Condredge Holloway Jr. (born January 25, 1954) is a former quarterback for the University of Tennessee and later in the Canadian Football League. Holloway was one of the first African-American quarterbacks to receive national exposure. His nickname at Tennessee was "the artful dodger."

Holloway was born to Condredge Holloway, Sr., and Dorothy Holloway. Condredge's grandfather on his father's side was born a slave, but was emancipated as a child in 1865. Dorothy was hired to work at the Marshall Space Flight Center in Huntsville in 1962, becoming the first African American employee of NASA.

Surprisingly, football wasn't Holloway's favorite sport; he preferred baseball. After starring as a high school player at Lee High School in Huntsville, he was drafted as a shortstop by the Montreal Expos in 1971. Holloway was Montreal's first pick, and he was the fourth player selected overall. However, Holloway's mother, insisting her son attend college, refused to sign the contract (Condredge was 17, too young to sign a contract under Alabama law) and instead he went to Tennessee. In so doing Holloway became the first African-American to start at the quarterback position in a Southeastern Conference school. In addition to being the first black quarterback at Tennessee and in the Southeastern Conference, Holloway also was the first black baseball player in Tennessee history.

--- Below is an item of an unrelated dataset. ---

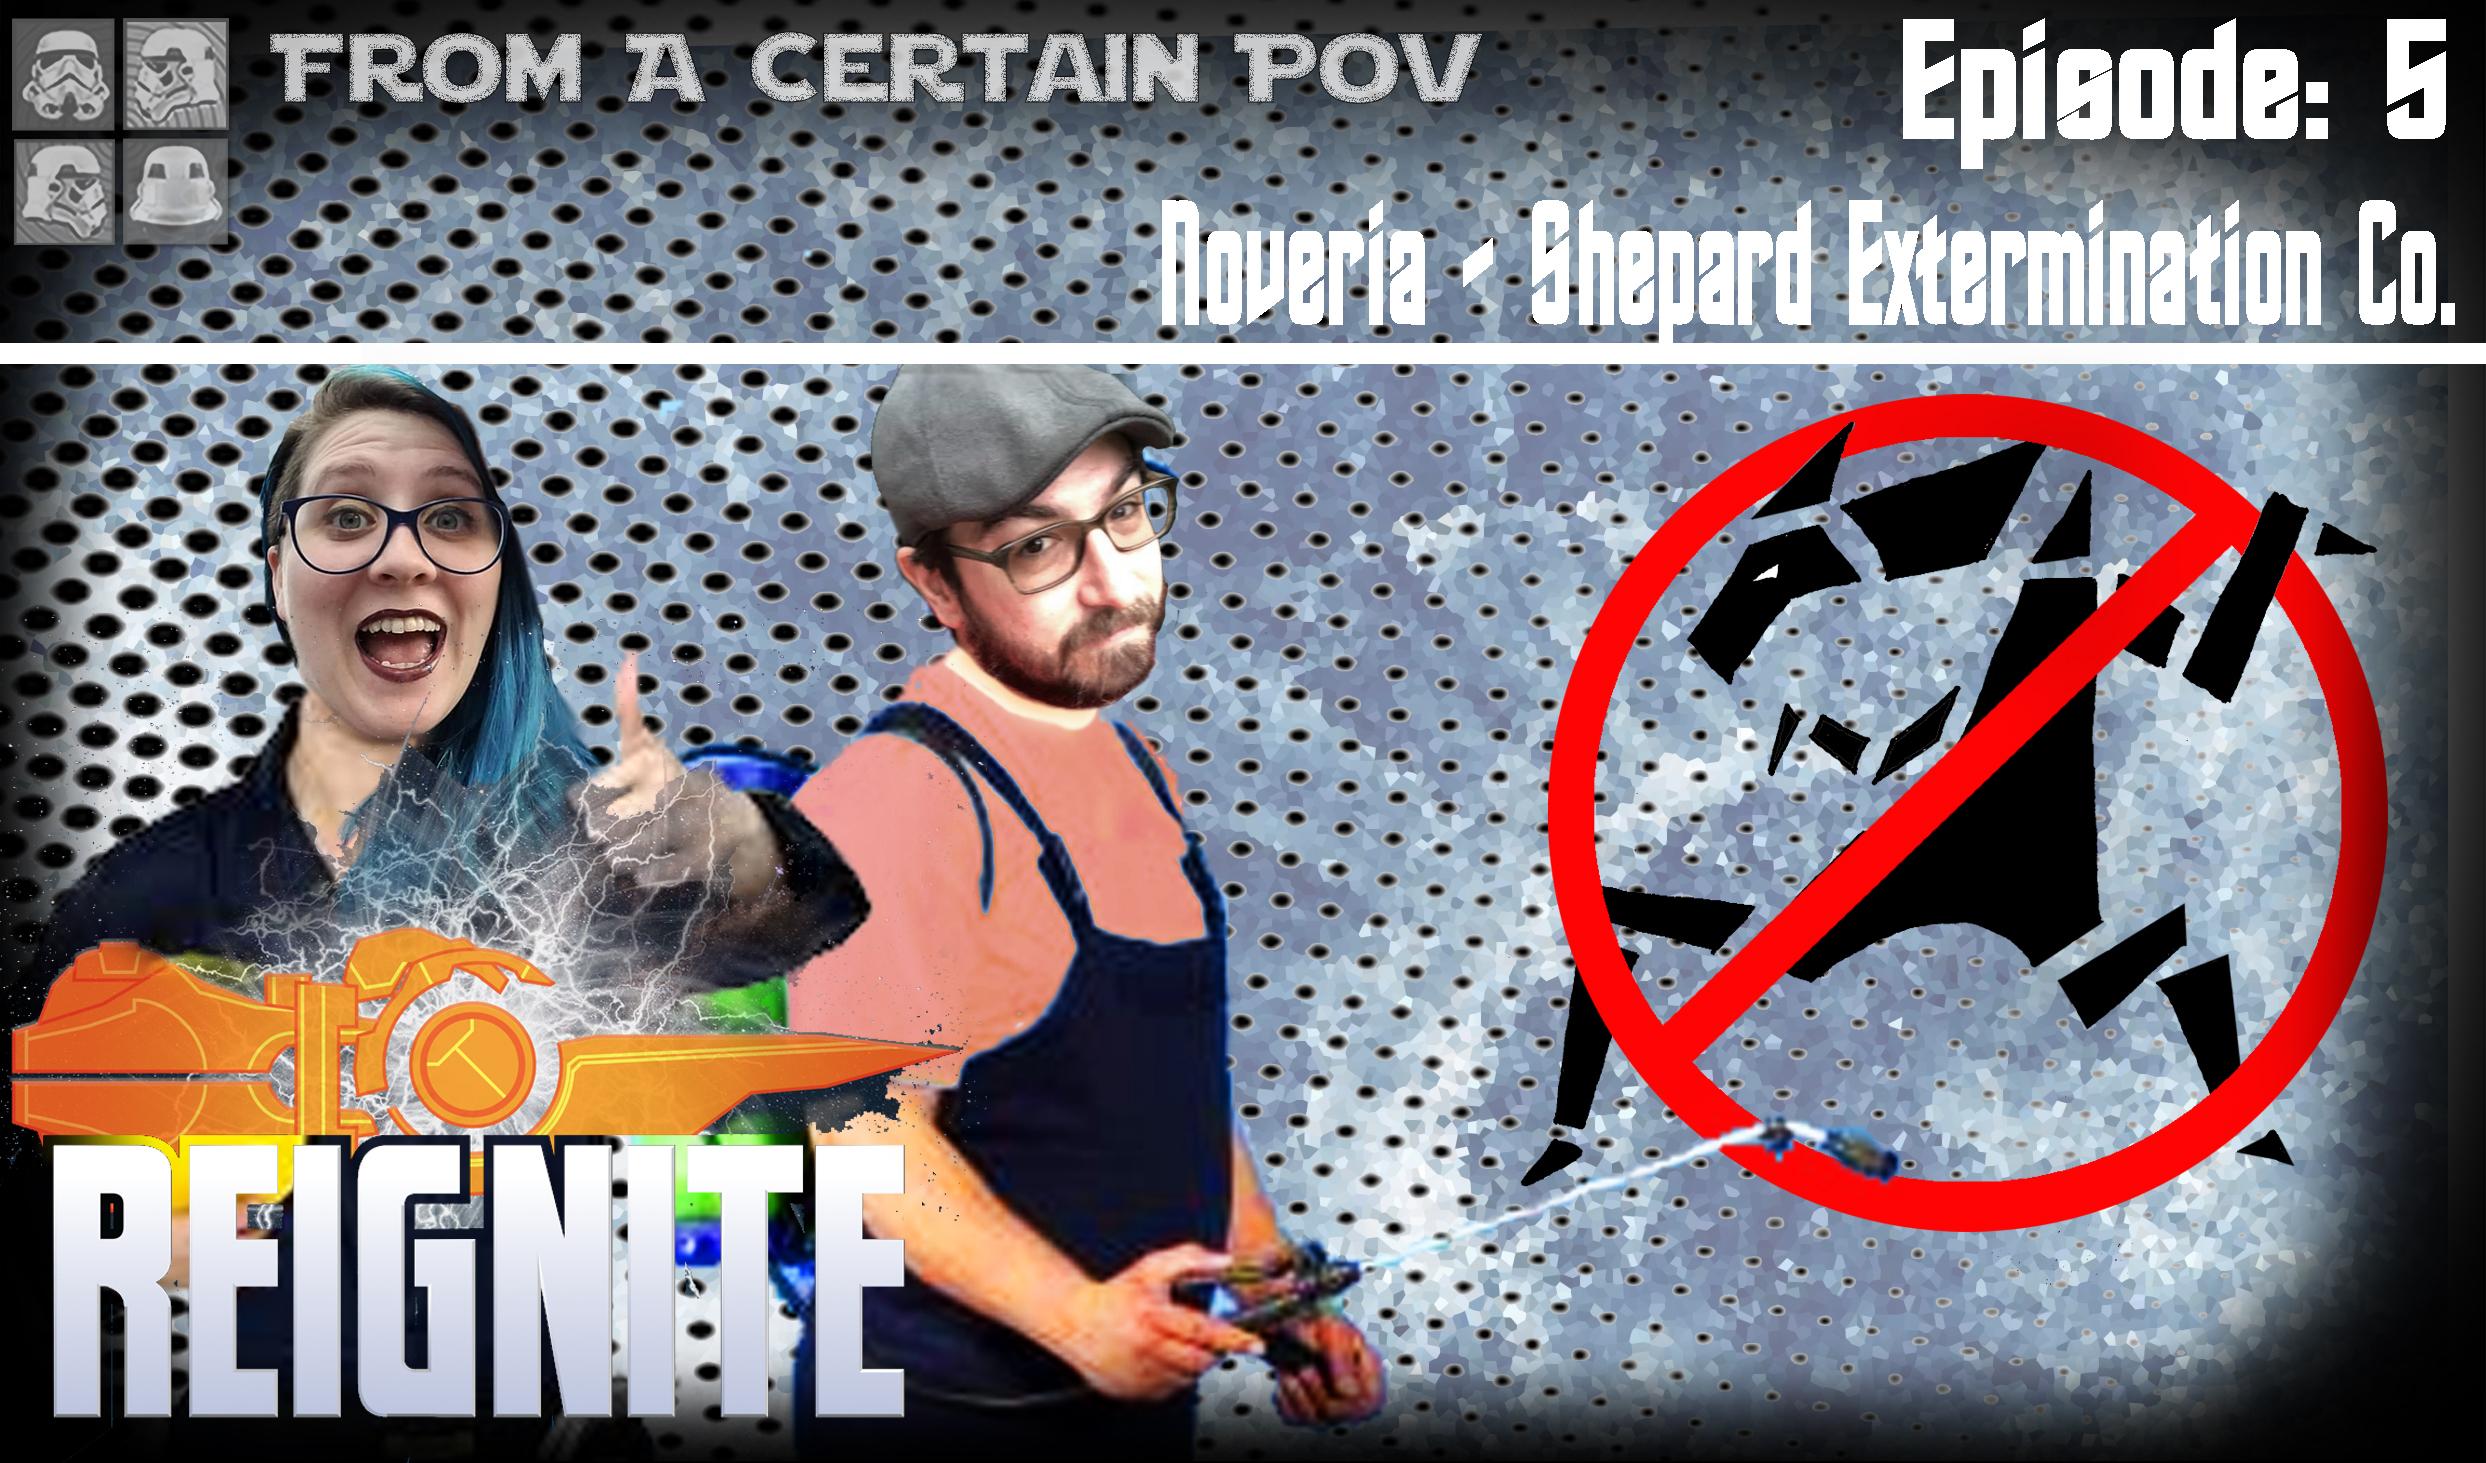 5 - Noveria - Shepard Extermination Co..jpg

The outstanding prospect bypassed a baseball career, and Holloway opted instead, for a two-sport collegiate career and went on to excel on the diamond. He garnered All-SEC and All-America honors as a shortstop in 1975 and finished with a .353 career batting average. Holloway — still the owner of Tennessee's longest hitting streak at 27 games — was selected to Tennessee's All-Century Baseball Team, making him the only Tennessee student-athlete named to all-century squads in both baseball and football.

In his three seasons (1972–74) as a starter, Holloway directed the Vols to the 1972 Astro-Bluebonnet, 1973 Gator, and 1974 Liberty Bowls and an overall record of 25-9-2. He ended his career with the best interception-to-attempt ratio in Tennessee history, throwing just 12 interceptions in 407 collegiate attempts. During his three seasons, he completed 238 of 407 passes for 3,102 yards and 18 touchdowns, and rushed 351 times for 966 yards and nine touchdowns.